Análise – Call of Duty: Vanguard

Tal como dita a tradição, Call of Duty está de regresso para mais uma versão da sua série. Numa era em que Warzone está claramente a ter um grande sucesso, os lançamentos anuais podiam sofrer algum estilo de apagão, no entanto, Vanguard é a prova que a Activision quer continuar a manter a tradição.

Call of Duty: Vanguard parece construído tal como uma manta de retalhos. O menu está segmentado entre os três modos principais e caso tenham os jogos anteriores, também podem aceder a cada um através do menu principal. Bem se sabe que a maioria nem chega a jogar a campanha, mas por aí mesmo que vou começar.

Para mim, apesar de gastar algum tempo no online, a campanha é exactamente aquilo que me interessa mais num Call of Duty. Em Vanguard temos uma história dedicada a um grupo de elite que tem de decifrar um enigma misterioso da segunda guerra mundial e ao mesmo tempo, conseguir infiltrar as linhas inimigas.

Embora perceba a ideia de que a maioria não quer saber da campanha, eu quero saber e por isso não acho divertido ter de instalar o jogo e ter de instalar a campanha de forma idependente. Isto quer dizer que o Disco de jogo é apenas uma licença e que se quiser jogar esta campanha daqui a 20 anos quando os servidores já estiverem em baixo, nada disto está disponível.

Não que a campanha de Call of Duty: Vanguard seja algo que queira jogar novamente, pois embora tente contar uma história interessante através de personagens distintas, acaba por ser uma mistura estranha entre momentos que tentam ser icónicos ou marcantes, sem nos dar espaço e tempo o suficiente para sentir grande empatia por estas personagens.

Entre estes heróis, Petrova é claramente uma das melhores e é aquela que nos faz passar pelos momentos mais marcantes da guerra quando a Rússia é invadida. No entanto, dez minutos depois de ouvirmos um discurso bonito do pai e de conhecer a casa onde vive, o pai é morto e isto pouco ou nada nos toca. Este é apenas a personagem mais interessante da equipa e sofre com oportunidades desperdiçadas, o que diz bastante sobre o quanto a campanha consegue cativar. Longe vão os tempos de Price e Ghost aparentemente.

Durante toda a história vemos um pouco das origens de cada personagem e conhecemos os nazis mauzões que não vão muito além disso. Além do mais, tendo em conta que estes estão sempre a falar de um “grande segredo”, parece que estamos a ver uma série de adultos a discutir um projecto secreto para organizar a festa de anos de alguém ao mesmo tempo que essa pessoa está na mesma sala.
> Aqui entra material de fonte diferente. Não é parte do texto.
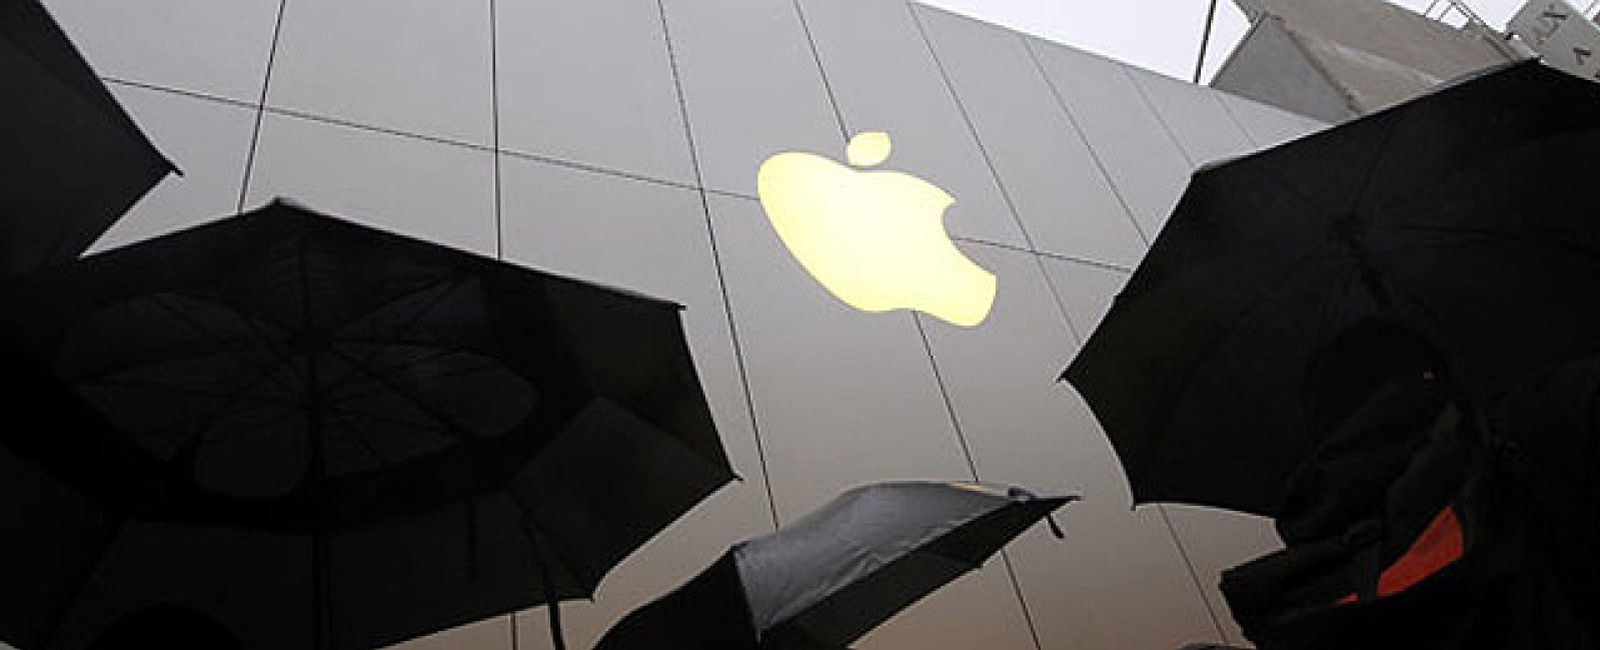 Foto: Apple declara pérdidas en España pese a lograr ingresos récord en 2012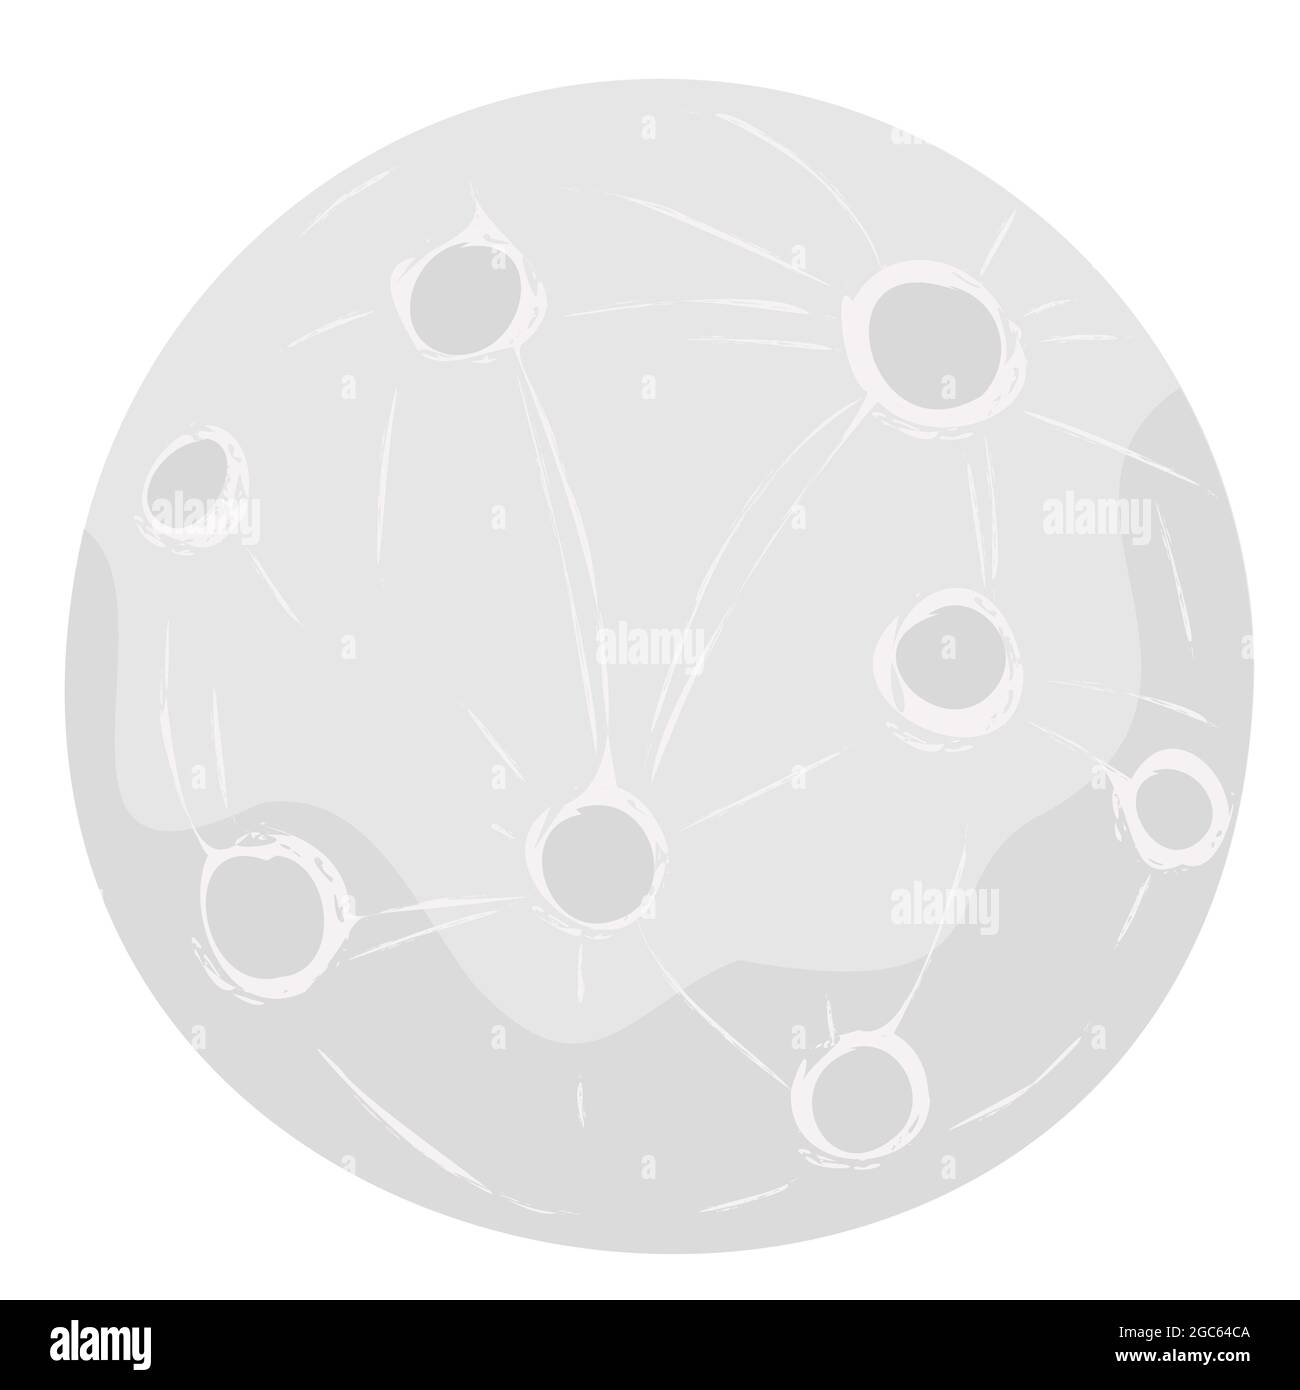 Vollmond-Vektorgrafik mit Krater im Cartoon-Stil isoliert jn weißen Hintergrund. Stock Vektor

Quanto aos cenários, este começa bastante mal, com missões onde está quase sempre de noite ou bastante escuro e só mais tarde é que temos acesso a zonas bem mais interessantes e com maior sentido de ambiente e espetáculo de guerra, do que apenas corredores com pontos de combate pré-definidos.

É uma campanha quase memorável, com personagens com as quais quase nos importamos e com uma acção que quase tenta estar ao nível de Modern Warfare ou Black Ops, o que não deixa grandes saudades nem grandes recordações e me deixou até bastante indiferente.

O próximo modo é o Zombies e uma vez mais o tiro saiu bastante mal dado. A edição deste ano tenta fazer algumas coisas diferentes, mas sofre com ausência de conteúdo e com uma repetição enorme de elementos.

Para começar, a história a que podiam estar habituados já não está aqui e será (quando a Treyarch quiser) lançada mais tarde. Como a análise é agora, é algo que está a menos e como tal é com isso que tenho de contar. Além disso os cenários são bastante regulares e pouco marcantes, com o estilo típico de uma invasão zombie comum.

A tudo isto podemos juntar um sistema de progresso que gira entre três estilos diferentes e que estão constantemente a repetir com dificuldades mais complicadas. No entanto não existem bosses memoráveis, nem situações em que sentimos que está a ser inovador ou a trazer ideias mais interessantes para a mesa. É o mesmo modo de Zombies de sempre mas muito mais básico e sem uma história que o faça andar como deve ser.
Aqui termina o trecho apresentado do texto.